Madam Butterfly, who was the winner of five races, died last year but has also produced a two-year-old by Sweynesse that was bred by Harty in partnership with Explosive Breeding Limited, a company managed by Hastings-based Neville Robertson.
“The Sweynesse two-year-old is a magnificent looking horse but he is a very big horse who is going to take time,” Harty said this week.
“He’s been gelded and will be broken in around Christmas time and we will look at racing him next year.”
Cutting Up Rough (outside) and Hartley cross the line together at the finish of the Rating 82 race over 1600m at Hastings last Saturday.

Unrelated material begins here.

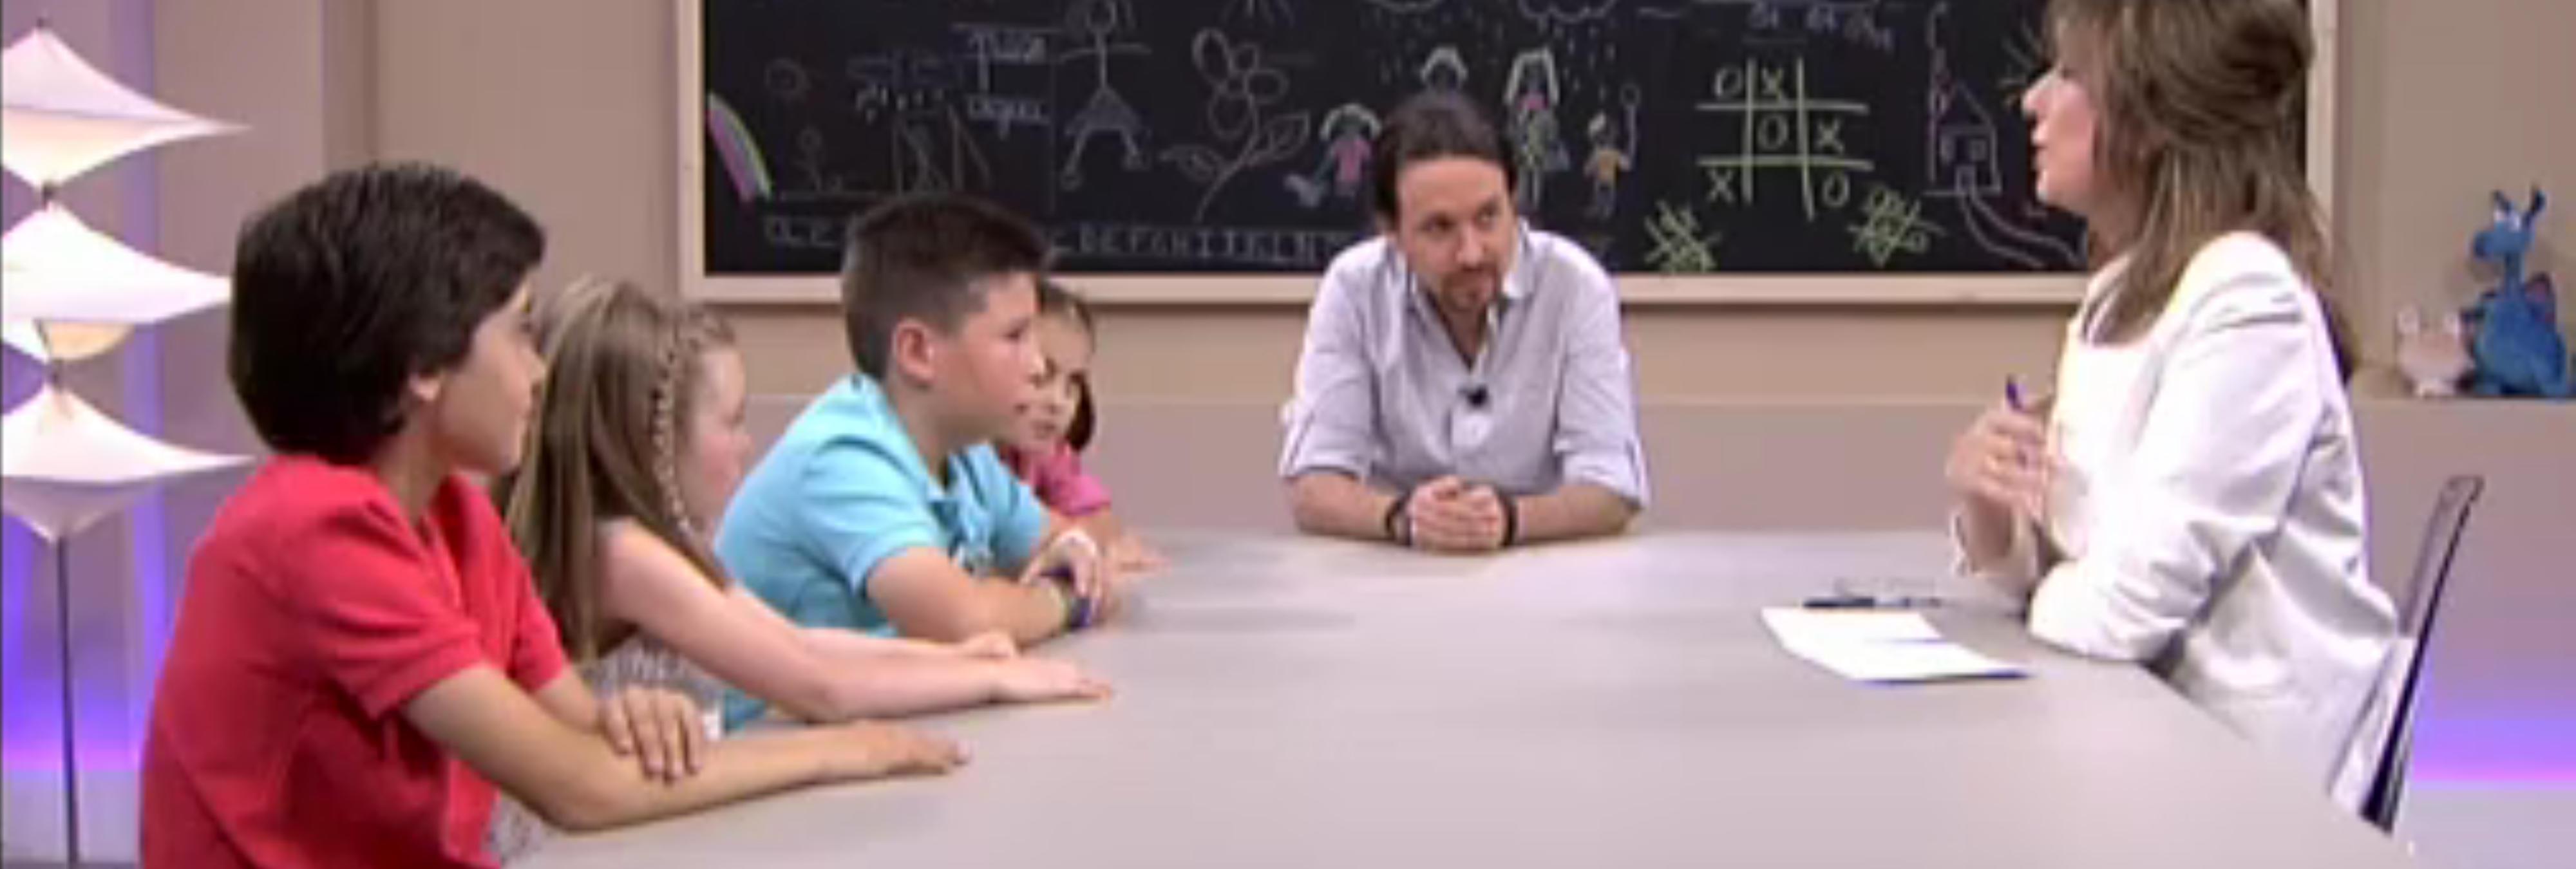 Hay un programa en el que niños entrevistan al futuro presidente de España que nos ha dejado con el culo muy torcido

The photo-finish print could not separate the pair and a dead-heat was declared.
Jaguary brings up his fourth win
Jaguary, formerly trained at Hastings by Guy Lowry and Grant Cullen, continued a purple patch of form in Australia when winning over 1950m at Morphettville last Saturday.
The Niagara four-year-old has proven a revelation for Adelaide trainer Travis Doudle, having won four of his five starts since crossing the Tasman as a maiden after five runs from the Lowry/Cullen stable.
Doudle purchased the gelding for less than $40,000 from his Auckland owner-breeder Trish Dunell, and believes the horse has the ability to go right to the top.
“He’s a very talented horse who we liked from the minute he first arrived,” Doudle said.
“The plan has been to get him into the spring stayers’ series so he will qualify for that in a fortnight and then go to the final on Melbourne Cup day.
“After that there could be a cheeky race for him in Melbourne.”